The Worst Diet Plan EverSince January of this year, I've been battling Ovarian again. Just about every two weeks I go and get the shot in my butt, making me sore for a couple of days and nauseated and unable to eat for about a week. Needless to say, I've lost weight since my photo was last taken. I've also discovered bald spots that no matter what Drag Queen I enlist to help me with my hair, we can't hide anymore. I'm considering shaving off the rest of my hair. Just seems like it would be logical since I'm losing it at an alarming rate anyways.
I'm forcing myself to get out of bed everyday to try to at least walk around the house and get some form of exercise. My mental state could be better, but most times I'm praying for death to just get this over with already. I know I shouldn't think or say things like that, but it's hard to keep my usual sunny disposition when I hurt 99% of the time. Even when I'm sleeping, something is hurting. I know the cancer hasn't spread; my oncologist keeps testing me once a month. But it's just irksome to go day in and day out in pain.

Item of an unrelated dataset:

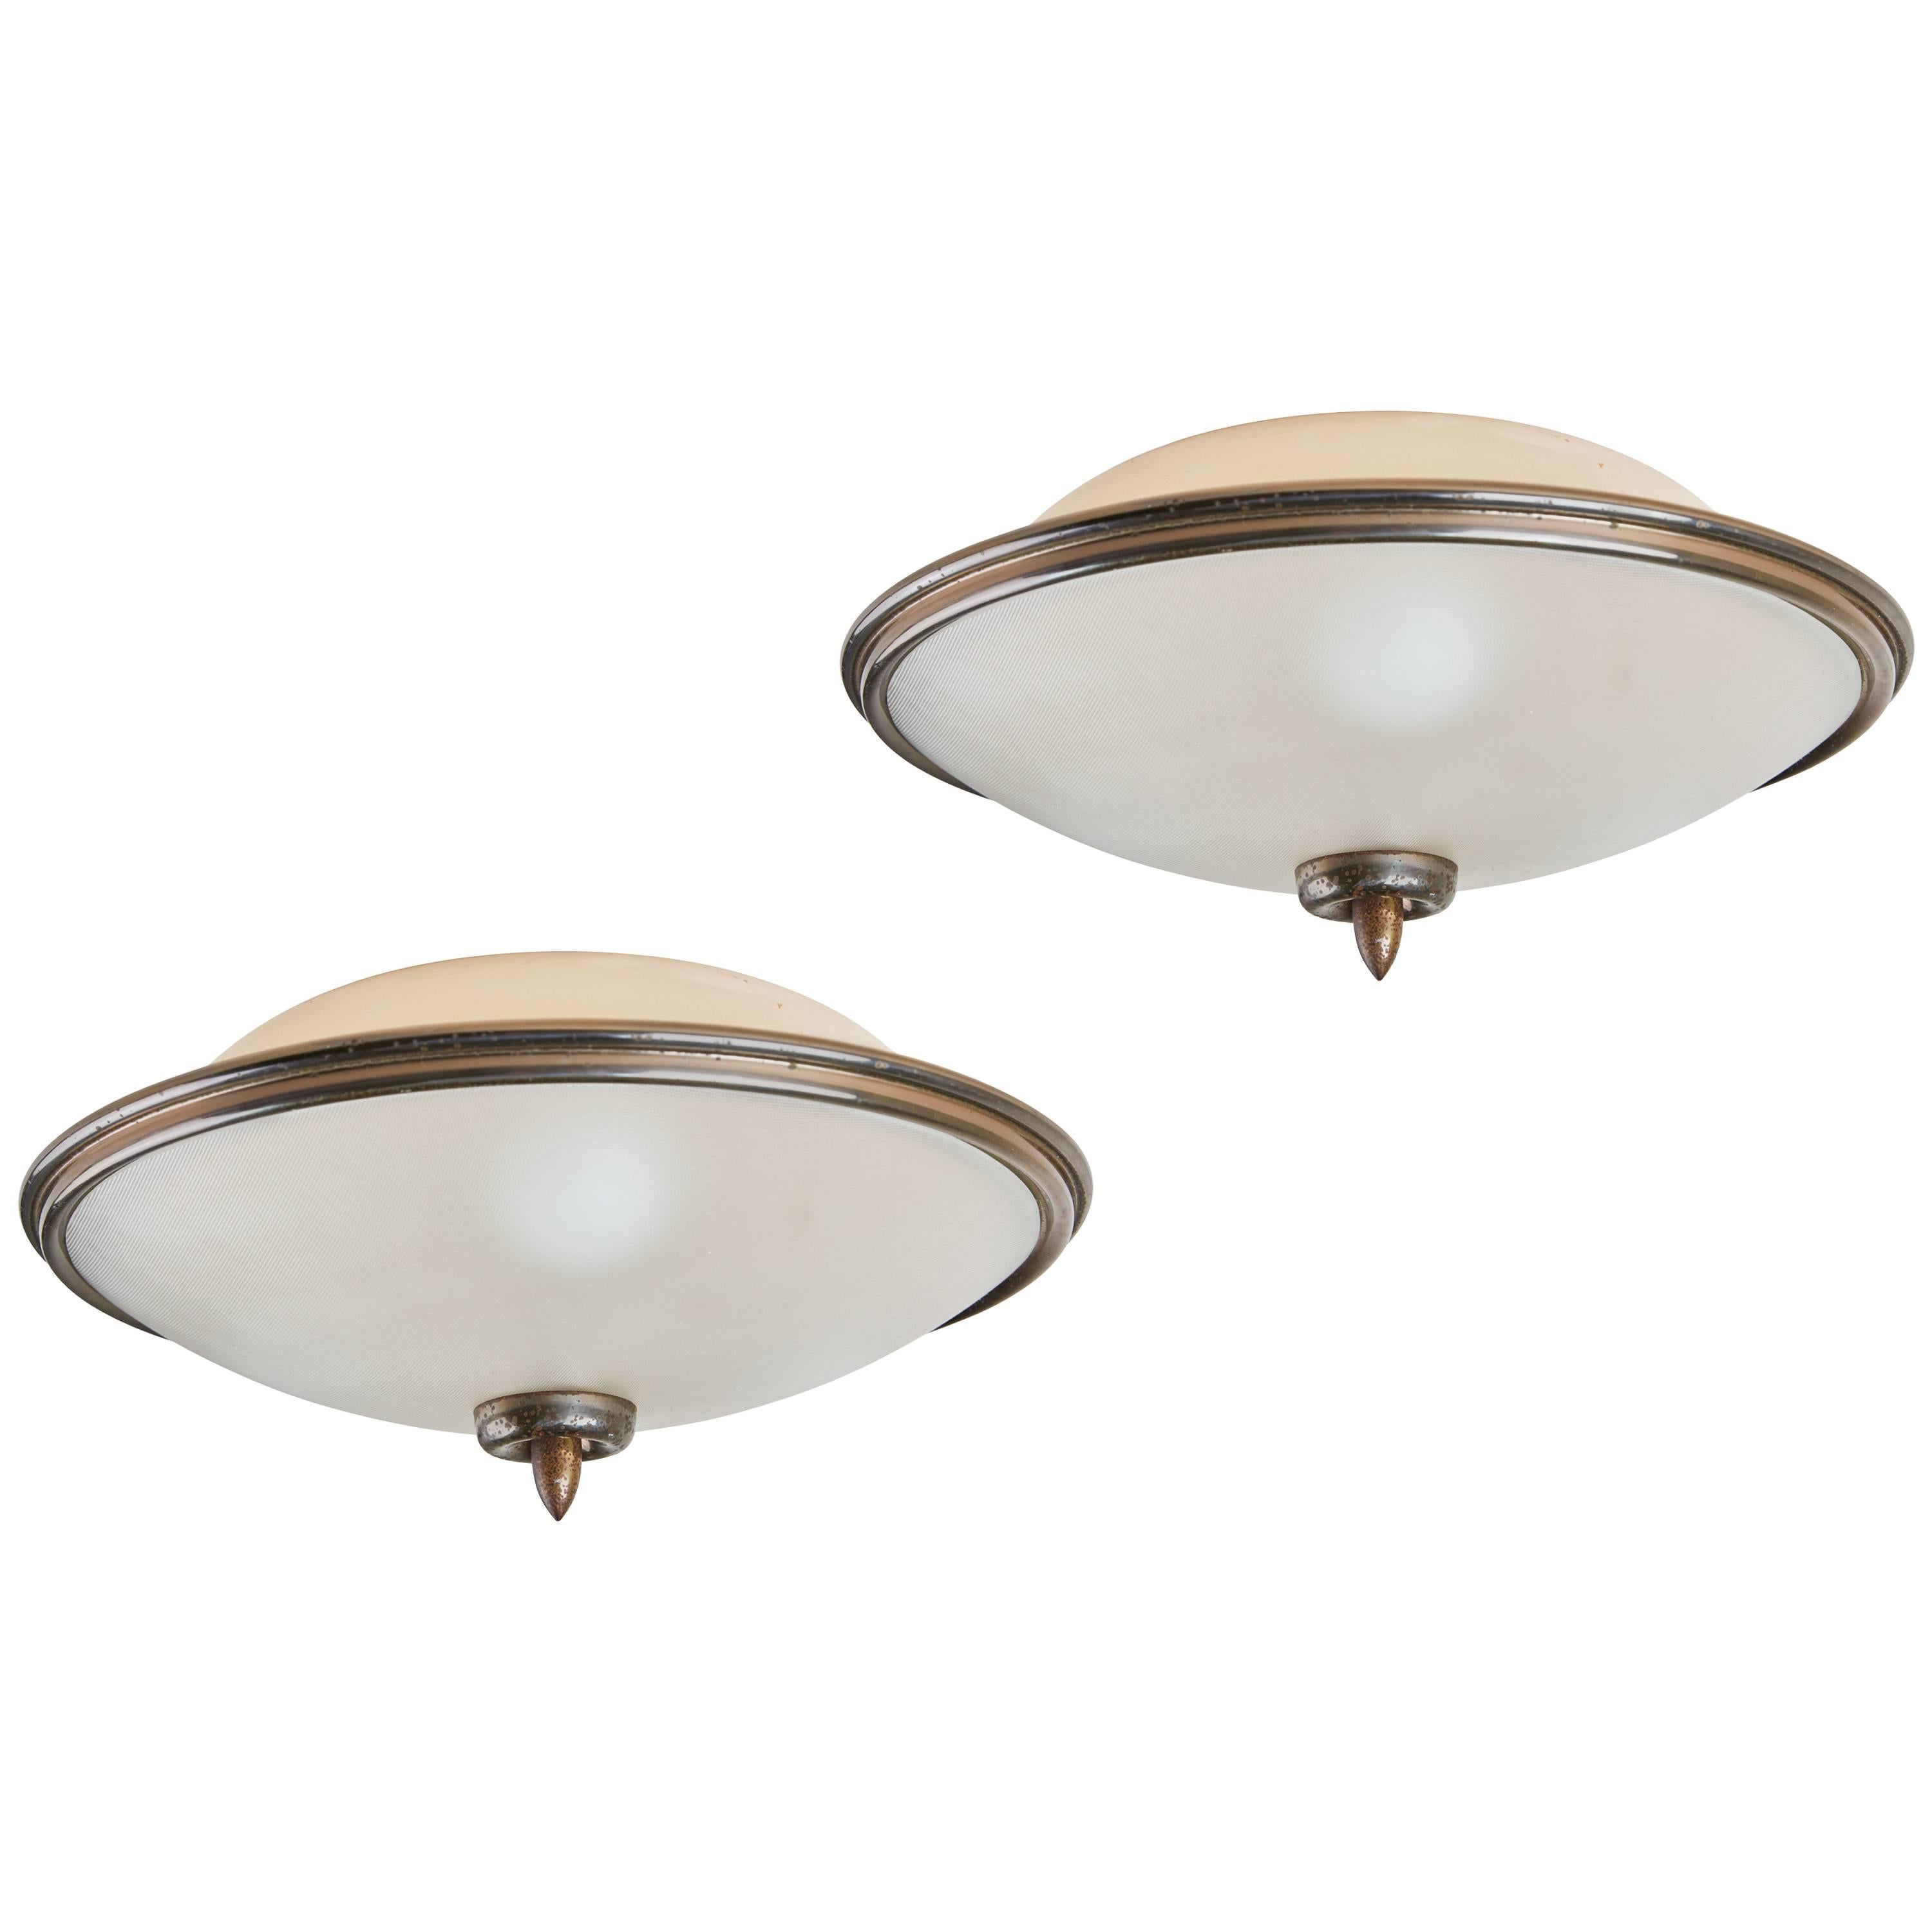 Pair of Brass and Glass Italian Flush mount Ceiling Lights

It hurts to sit and write. My laptop has been fried for a while, so writing blogs, and columns and on my next book is almost impossible for me. So if you don't hear from me for a while, it's not because I'm hiding in depression, it's just difficult for me to get someone in my family to translate notes for me. My Parkinson's has developed badly due to stress and my handwriting would make the world's best serial killer proud. Sometimes I can't even read what I wrote and then when I feel like sitting at the computer and translating out of spirals, I sometimes guess what I'm doing and it looks like the work of a pre-scholar.
Hang in there kids, pray for me and hopefully this hiatus won't be another year long one!!!